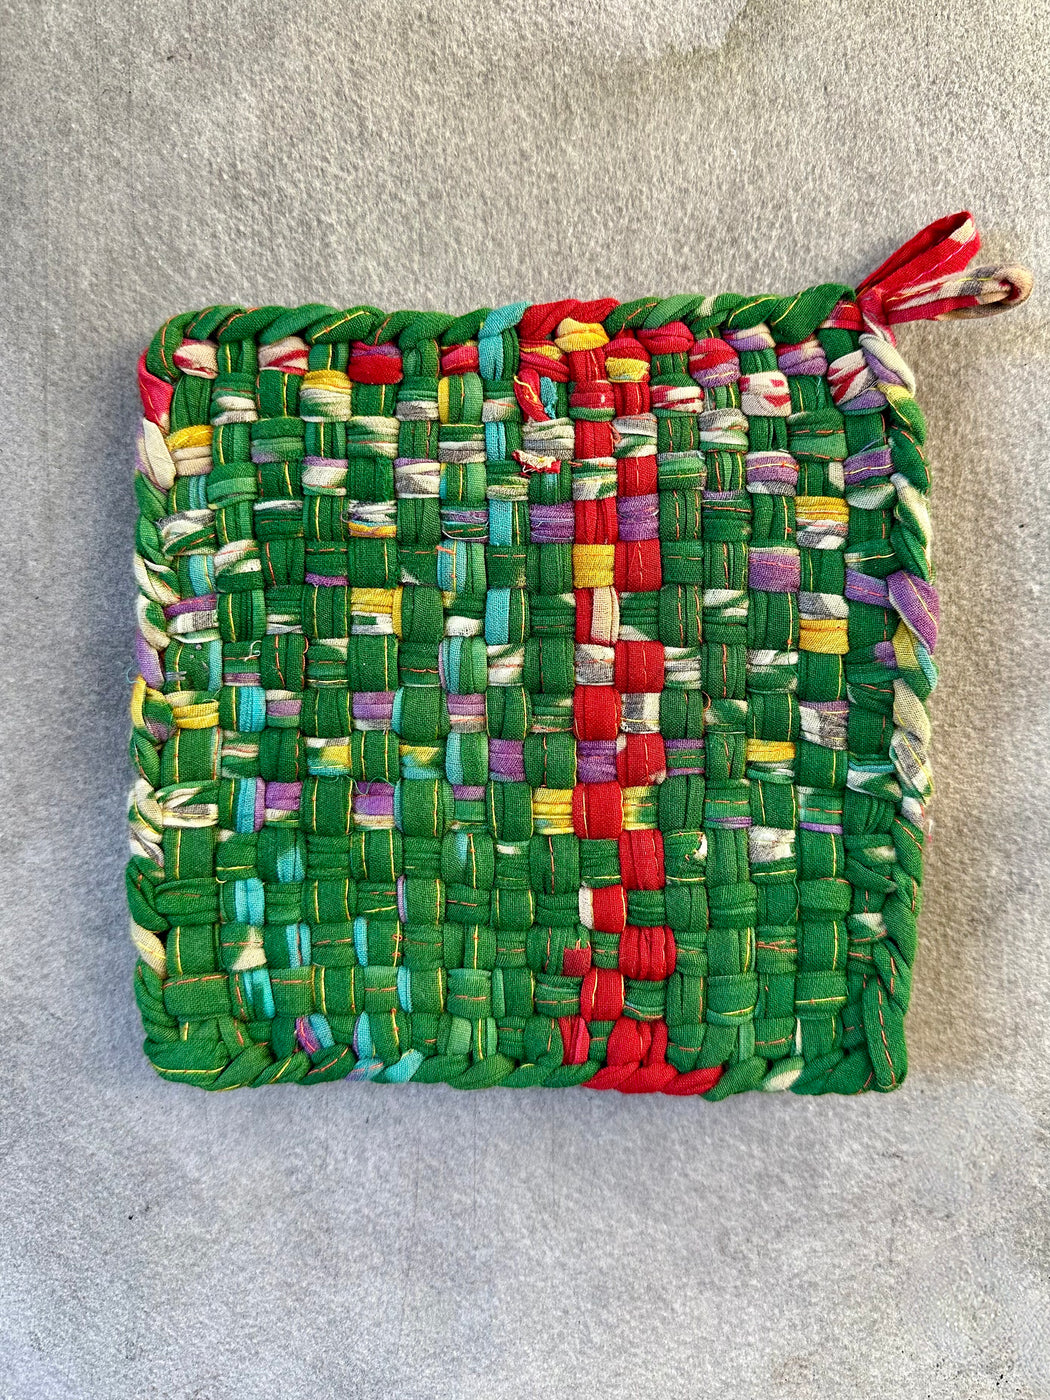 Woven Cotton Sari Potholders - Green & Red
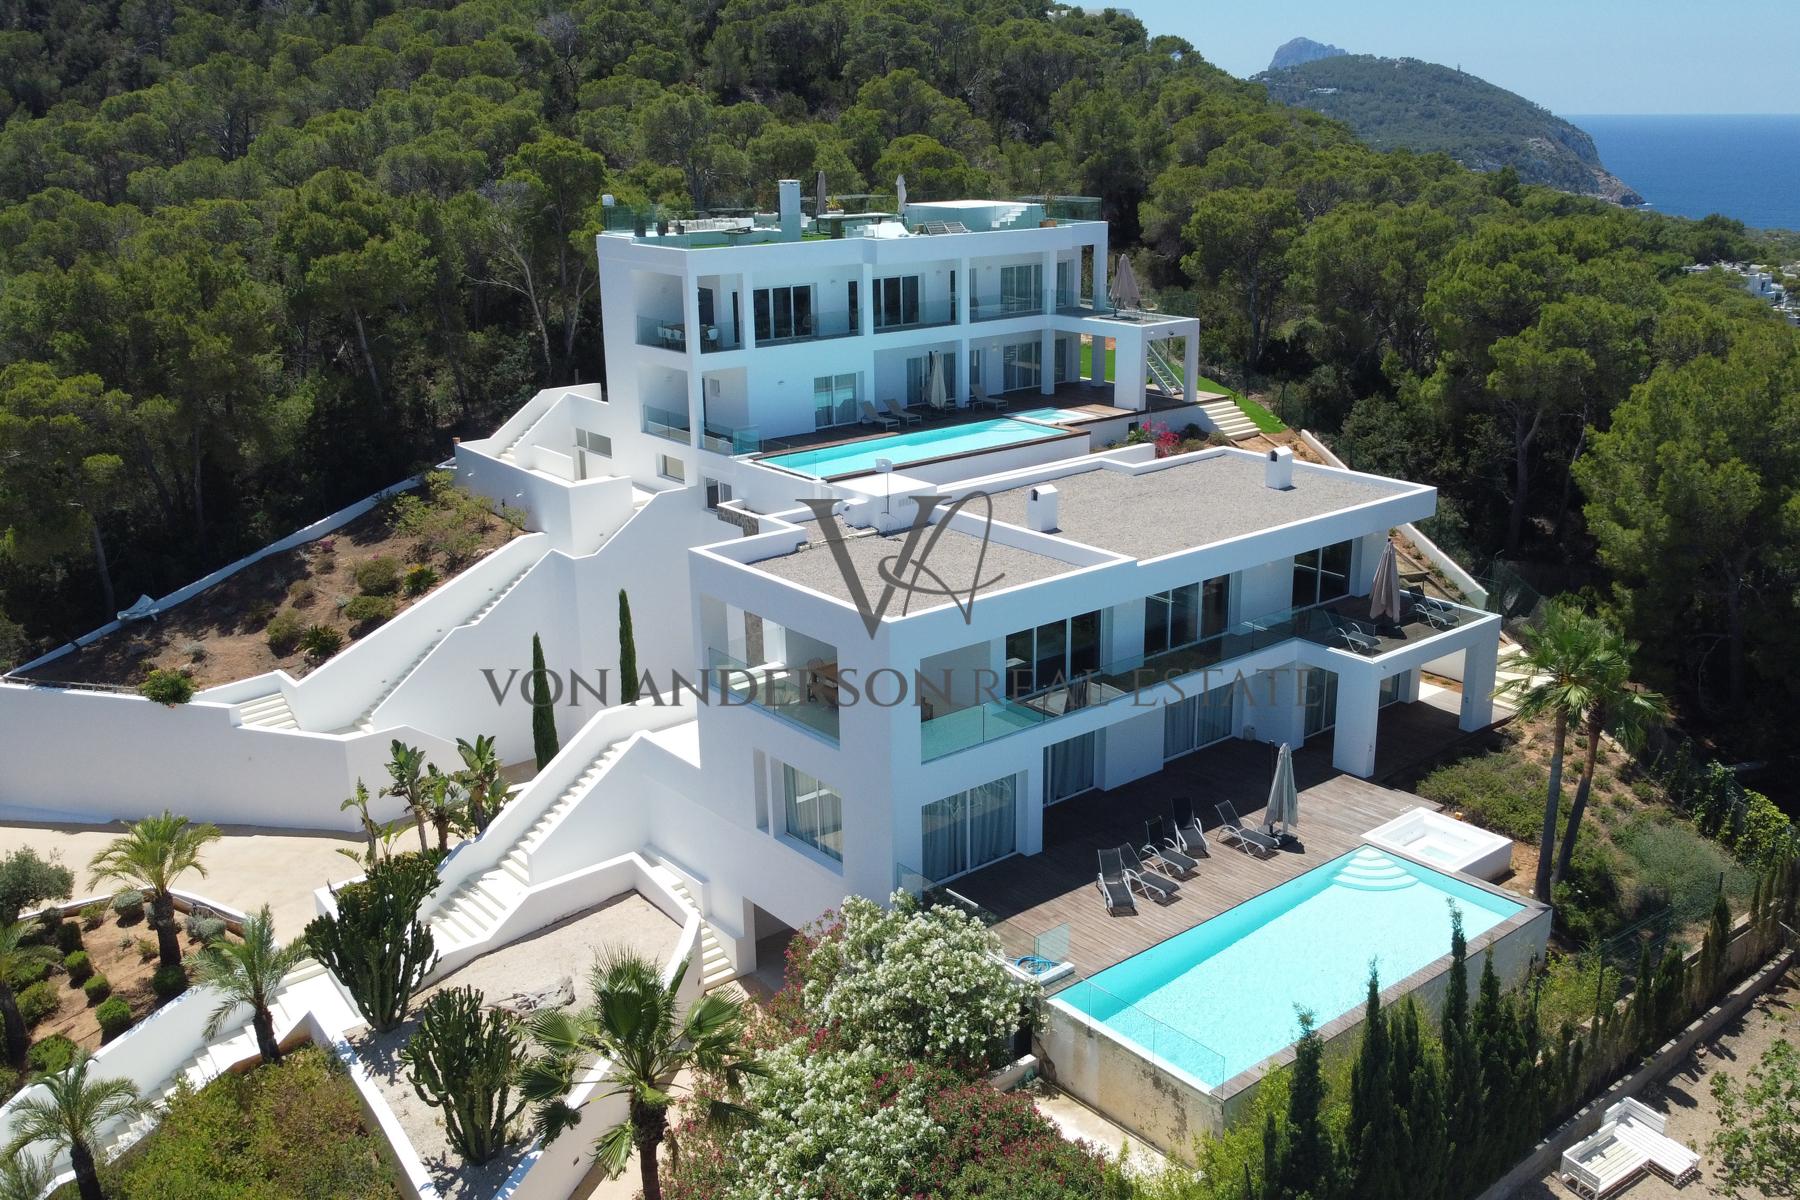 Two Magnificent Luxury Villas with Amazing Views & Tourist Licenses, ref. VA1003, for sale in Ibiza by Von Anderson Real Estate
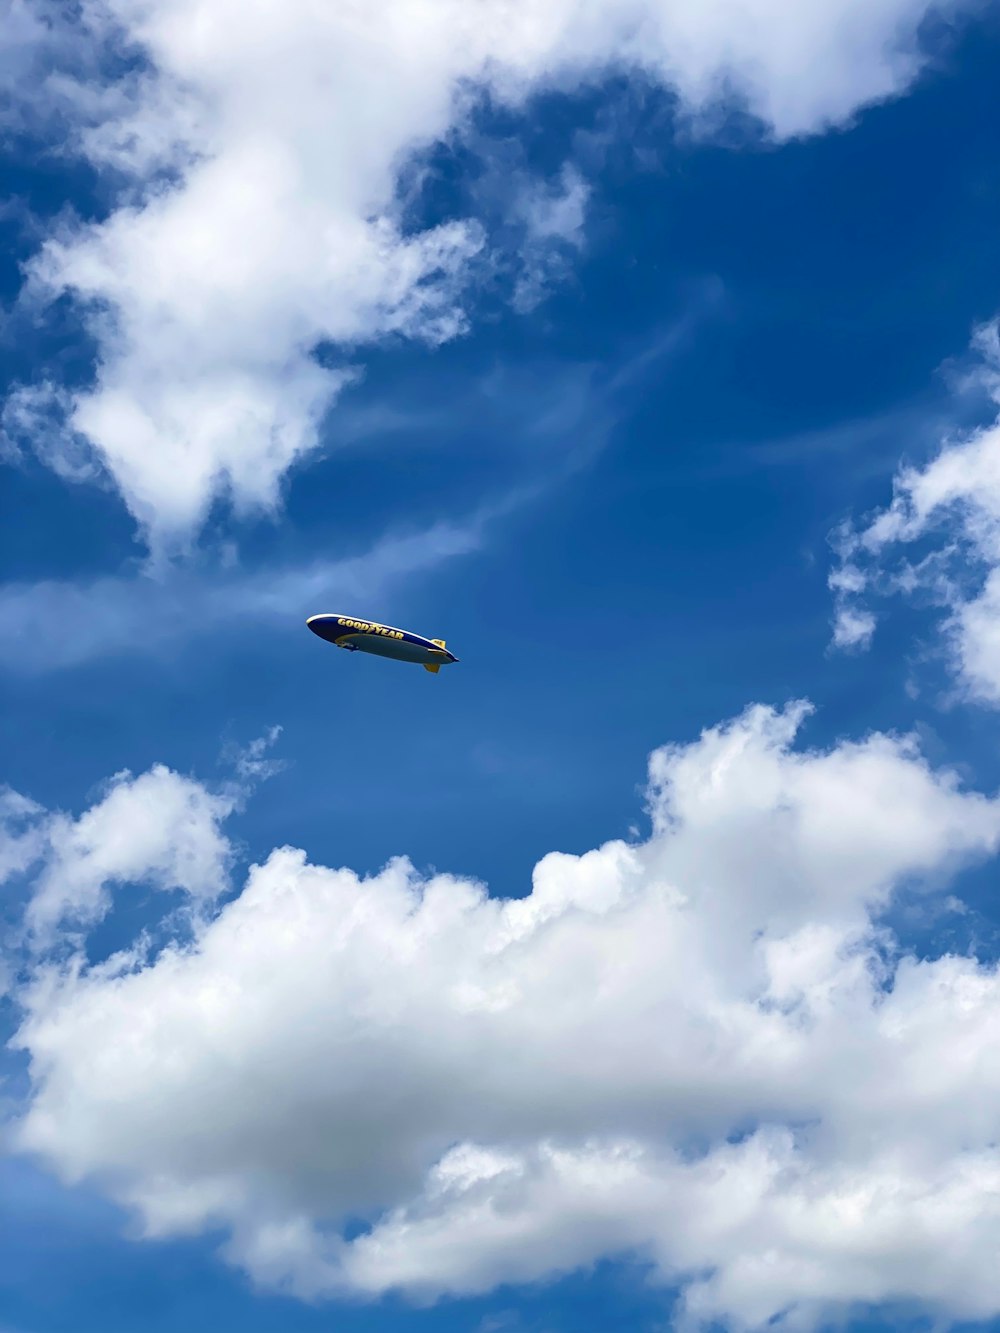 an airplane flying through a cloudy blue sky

...

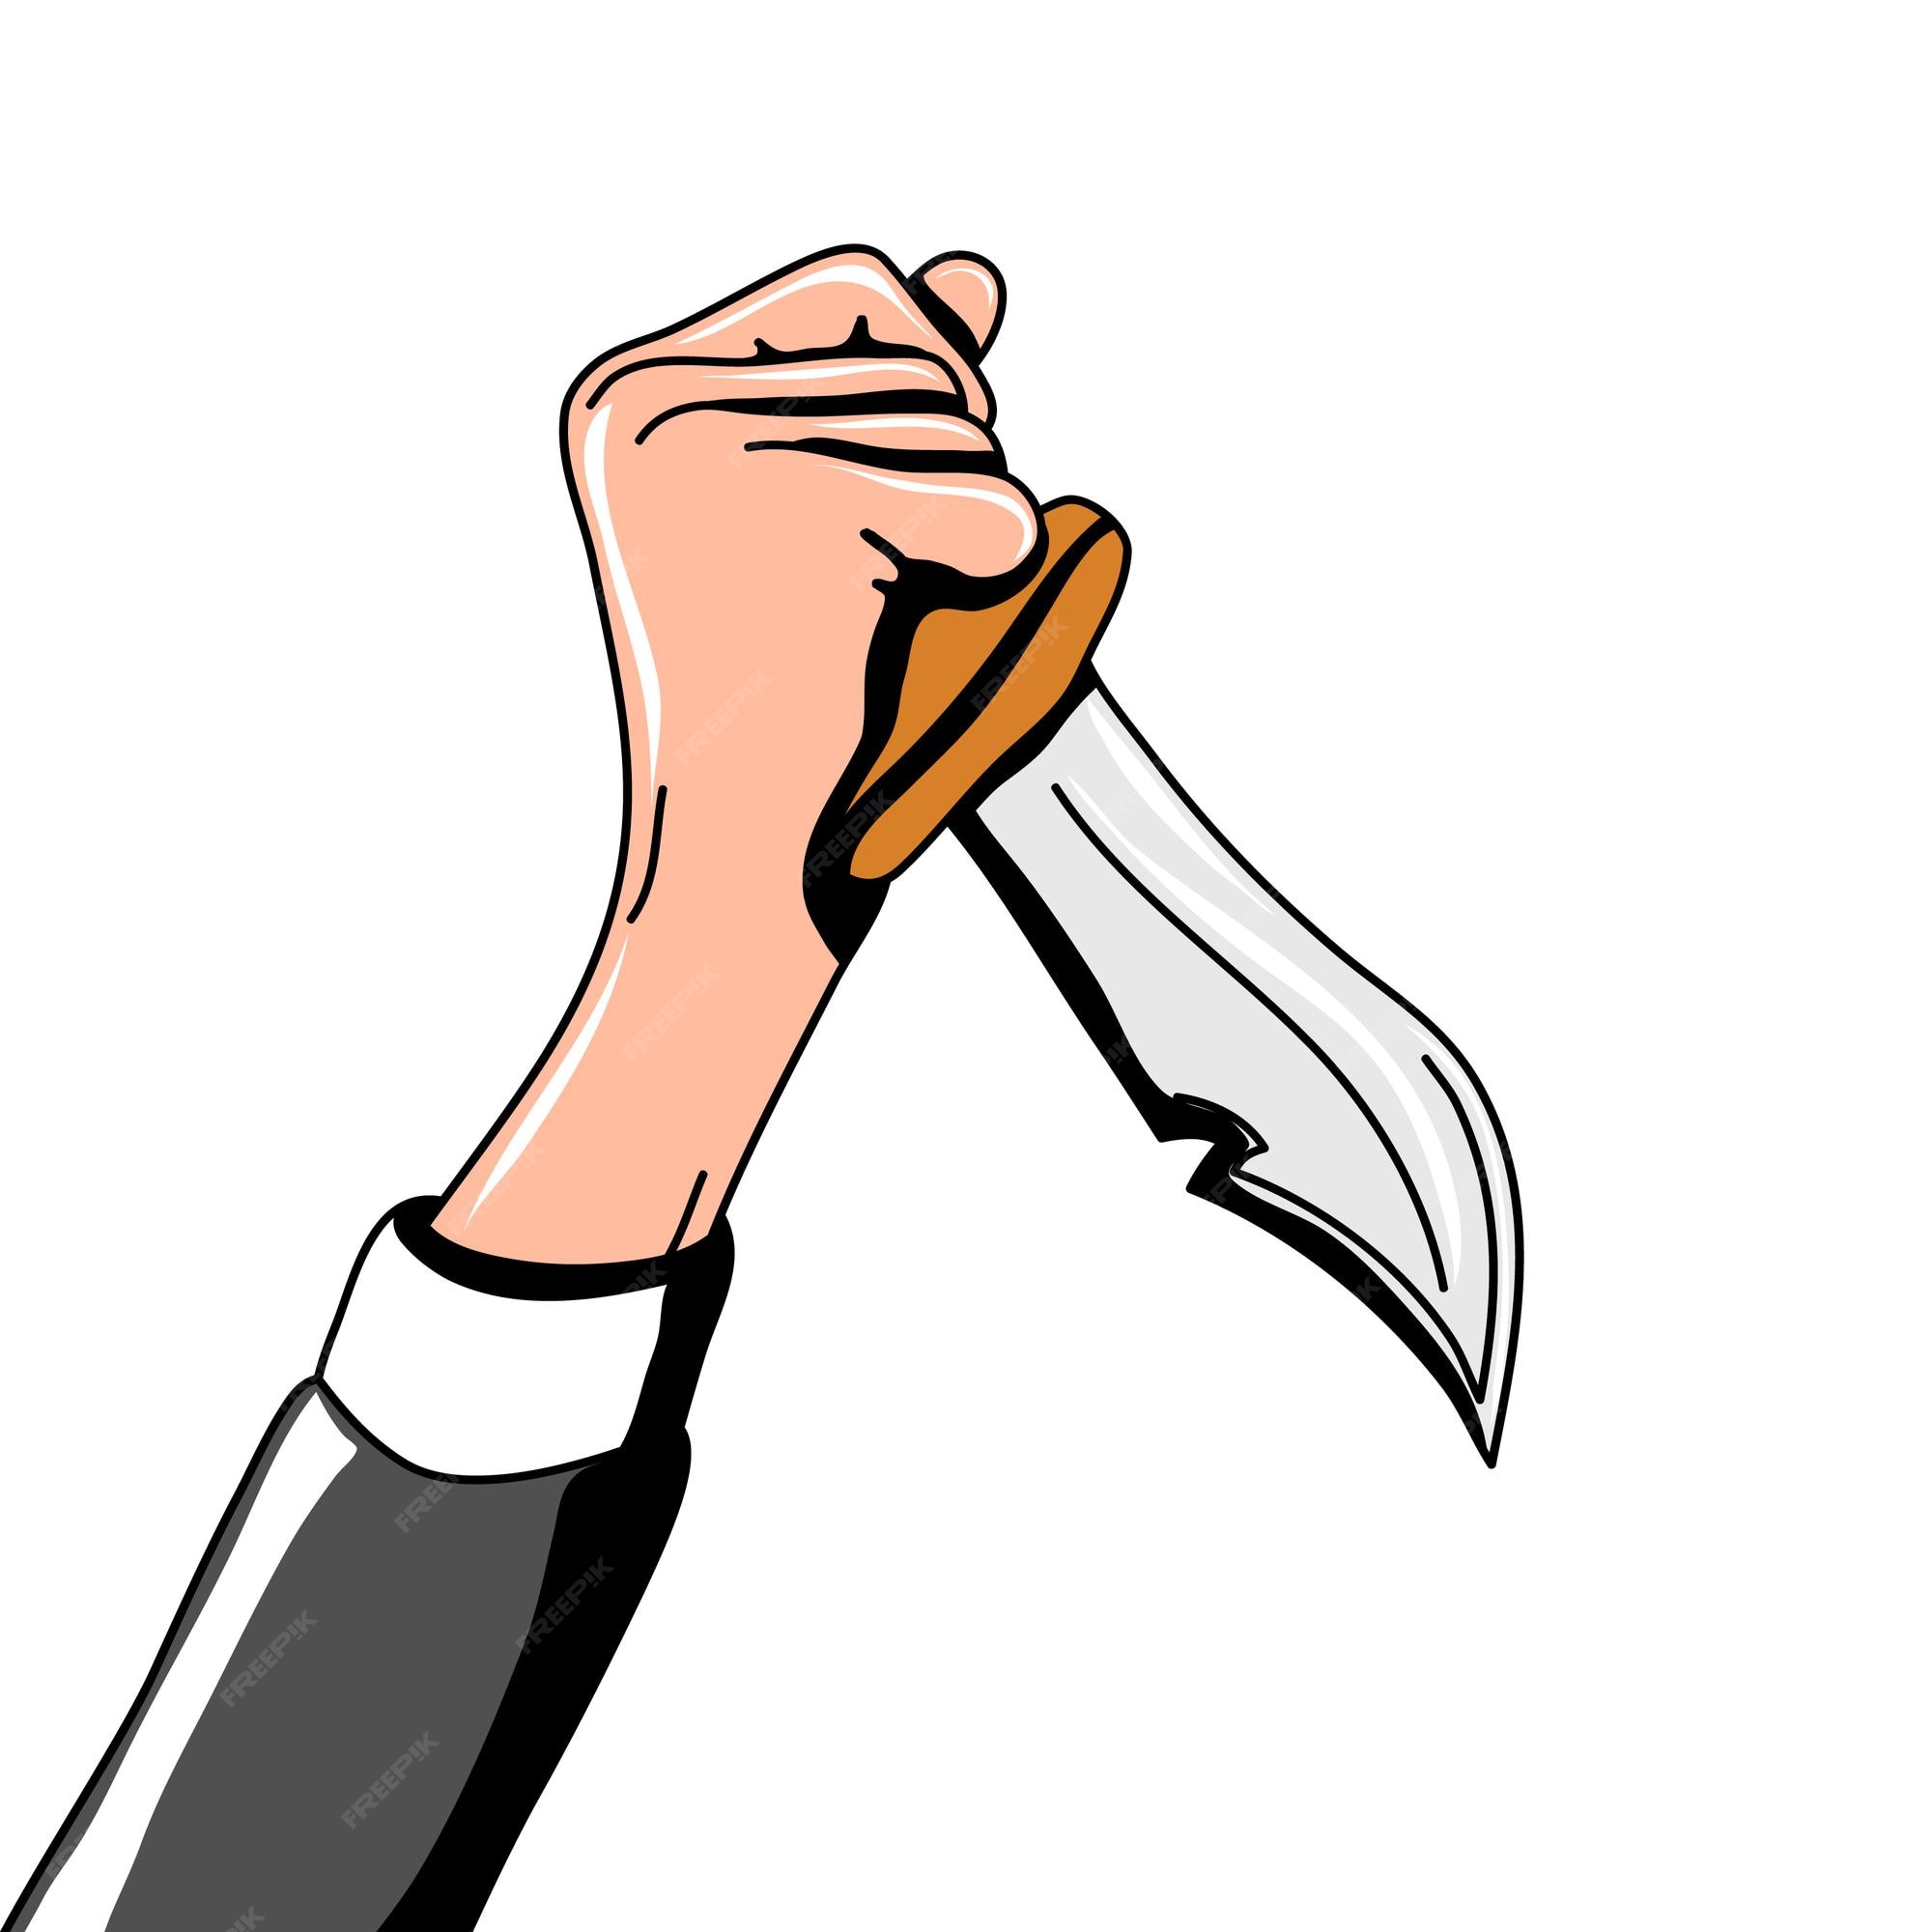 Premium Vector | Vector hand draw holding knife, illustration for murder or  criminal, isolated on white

_REQUIREMENT_: Take the entries above and copy exactly the lines starting at the one with "Woven Cotton Sari Potholders - Green & Red" and ending at the one with "an airplane flying through a cloudy blue sky"; nothing outside that span, and no pictures.

_RESPONSE BELOW_:
 Woven Cotton Sari Potholders - Green & Red
 Two Magnificent Luxury Villas with Amazing Views & Tourist Licenses, ref. VA1003, for sale in Ibiza by Von Anderson Real Estate
 an airplane flying through a cloudy blue sky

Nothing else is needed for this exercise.